Such roundups as Poland's łapanka were carried out by Nazi Germany in other occupied countries as well, particularly in northern France, although not as extensively as in Poland. The French term for this practice was rafle, applied primarily to the rounding-up of French Jews. In Denmark and the Netherlands, a Nazi roundup was called razzia.

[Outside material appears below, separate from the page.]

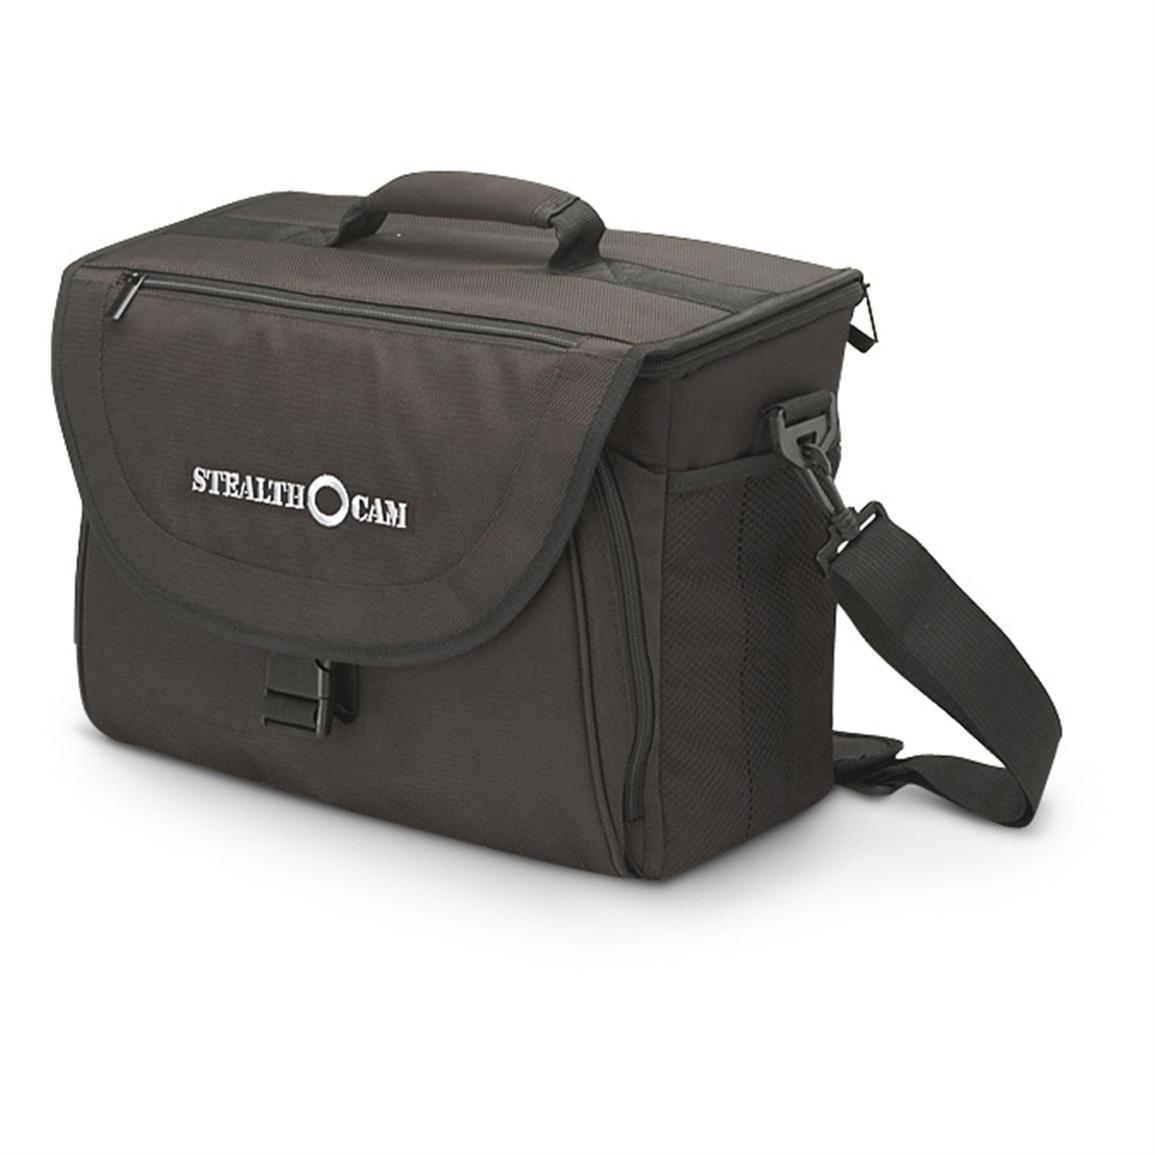 Stealth Cam® Camera Storage Bag, Black - 203797, Game & Trail Cameras ...

In historical terms, the razzia roundup was used in French colonial context for Muslim raids particularly to plunder and capture slaves from Western and Central Africa, also known as rezzou when practiced by the Tuareg. (See also: Barbary slave trade) The word was adopted from ġaziya of Algerian Arabic vernacular and later became a figurative name for any act of pillage, with its verb form razzier. The Soviets used similar tactics to round up middle-class Poles in the part of Poland that they occupied following the 1939 invasion of Poland. Men, women, and children were transported to labour camps in remote regions of the Soviet Union.

==Polish resistance==

Bydgoszcz roundup on 8 September 1939.

In 1940, one roundup was used by Home Army secret agent Witold Pilecki to gain entry into the Auschwitz camp set up at about that time for Polish prisoners. There, he gathered first-hand intelligence on the camp, and organised inmate resistance. Pilecki deliberately went out into the street during a Warsaw roundup on 19 September 1940, and was arrested by the Nazis along with other civilians. Auschwitz was the main destination for the Poles from beyond the Warsaw Ghetto. There he organised Związek Organizacji Wojskowej (ZOW, the Military Organization Association), and in November 1940 sent its first report about the camp and the genocide being committed there to Home Army headquarters in Warsaw.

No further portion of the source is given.